I am in the middle of writing an article about the gun-grabbing Phil Murphy, the democRAT candidate for governor in New Jersey, and plan to steal a few of your well-crafted thoughts/terms above, with of course proper recognition….;)

Odysseus M Tanner

More important, registration is a threat to the right of the people. Part and parcel of which is the gov’t cannot know where all the guns are, otherwise is subverts the balance of power between people and gov’t. And that’s what the right is about: power.

JoeUSooner

Well said!

DaveW

As evidenced by Paul Revere’s ride. On 18 April 1775, under orders from the British military commander in Boston, General Gage, British troops deployed to confiscate the firearms and munitions in the hands of the colonists. Paul Revere, and others, spread the warning in order that the colonists not be disarmed.
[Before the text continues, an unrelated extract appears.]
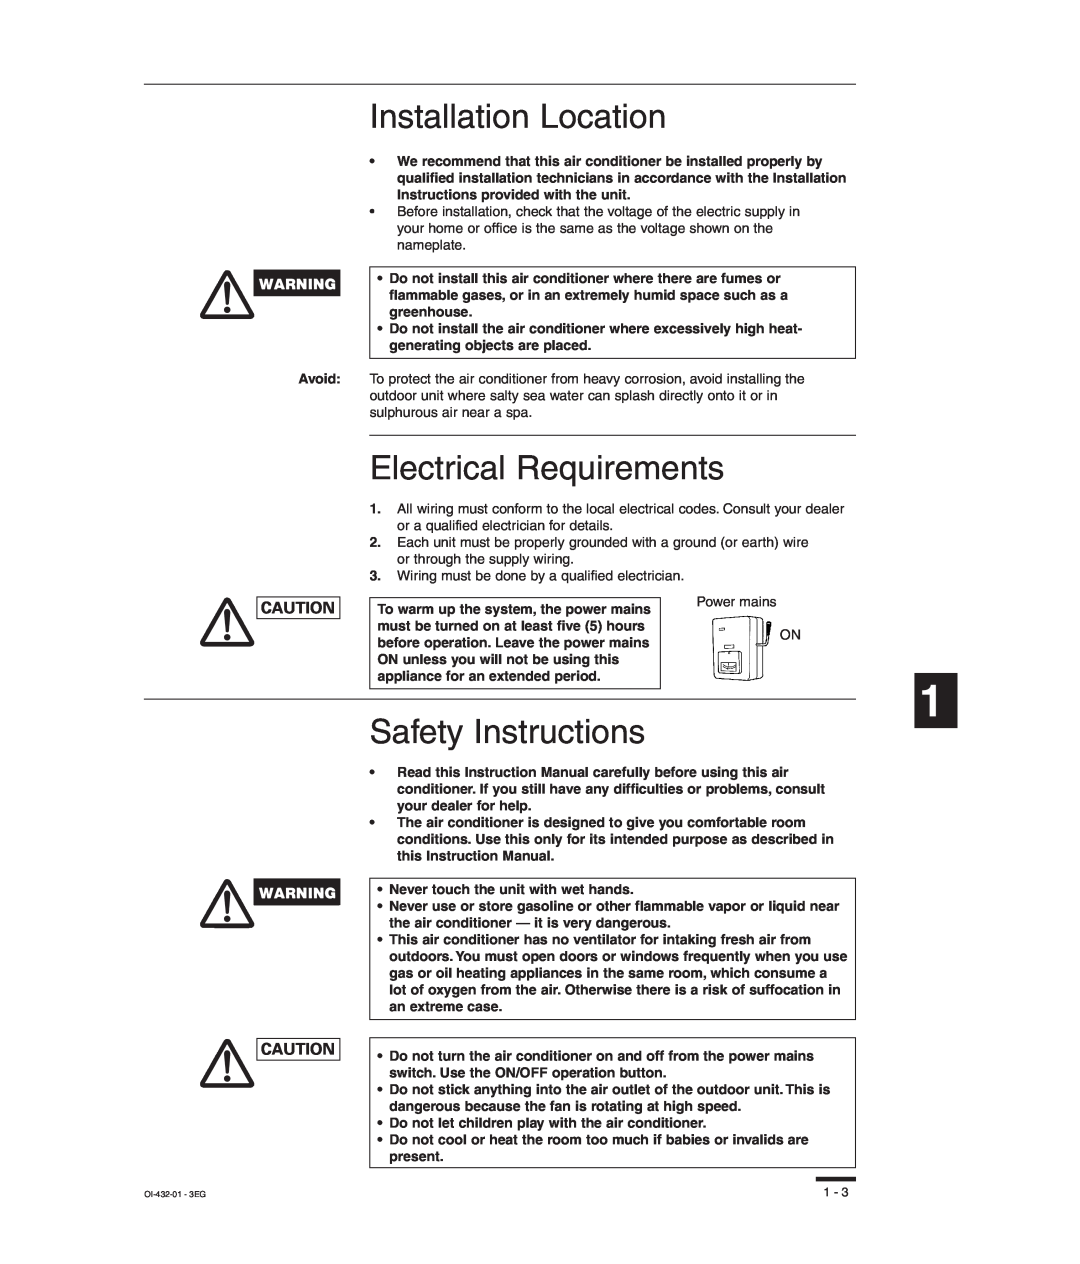 Sanyo SHA-KC64UG, TM-SH80UG, RCS-SH80UG, RCS-SH80UA Installation Location, Electrical Requirements, Safety Instructions 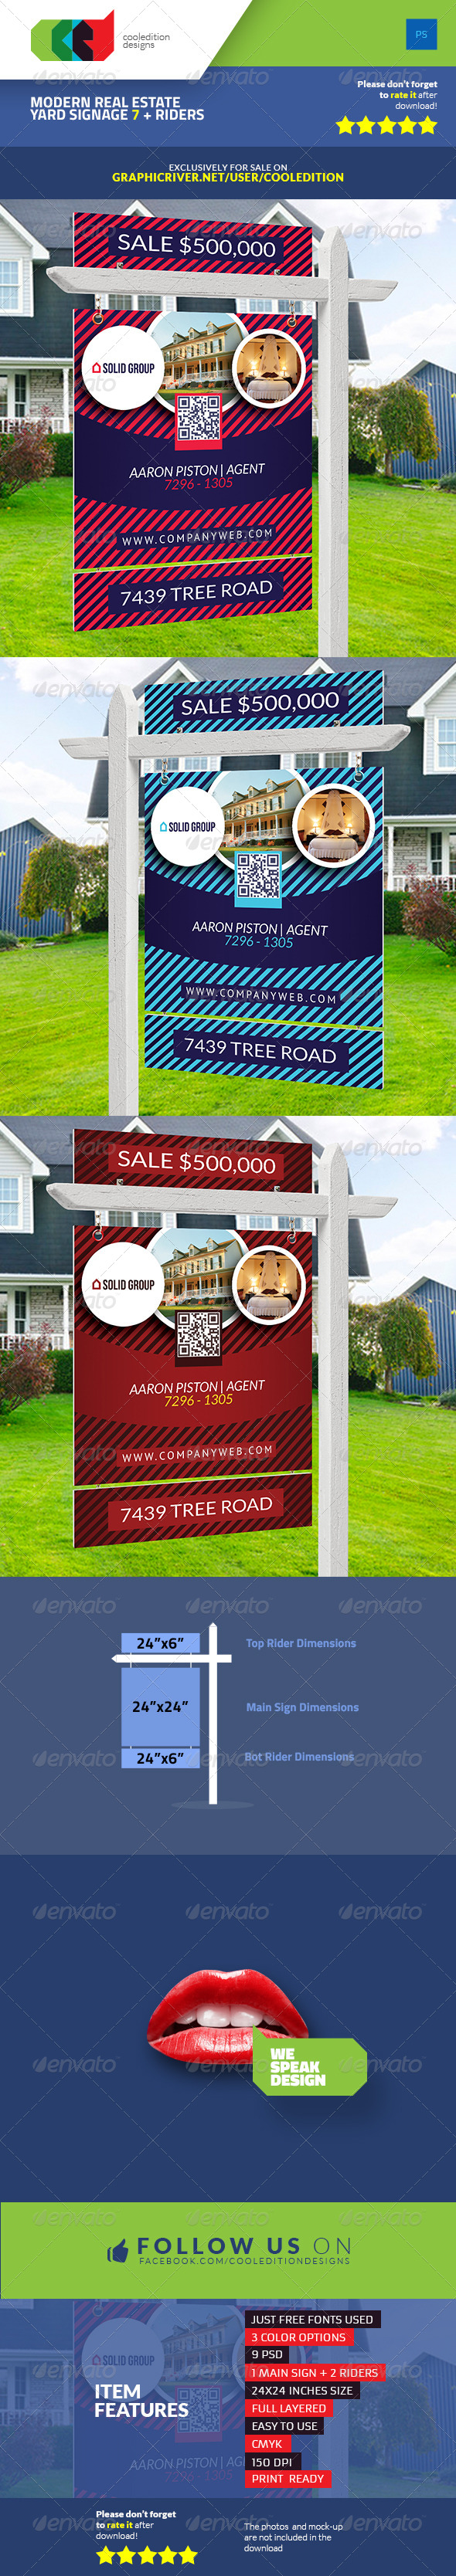 Download Modern Real Estate Yard Signage 7 + Riders | GraphicRiver

The following day, April 19th, British troops were confronted by armed colonists at South Bridge, Concord, where a shot rang out, initiating the first battle of the revolutionary war with “the shot heard ’round the world”.

Tionico

The “shot heard round the world” is generally held to be the first few rounds that were fired earler that same day at Lexington, where a snaller contingent of Redcoats ordered Catpain Parker’s Lexington Militia to “lay down your arms and disperse”. No one really knows for sure who fired the first round, but it seems the sound of that one round set off a ragged volley from the Regulars. Eight men of Lexington were killed, six more injured. The Militia did return fire, a few rounds sent toward the intruders. They DID disperse, but did NOT “lay down their… Read more »

samadams1776

Yes, because the true purpose of the protection of the natural, pre-existing right to keep and bear arms is overthrowing tyranny. They MUST disarm us it. it is ALL about power. The time to take up arms is approaching, sadly.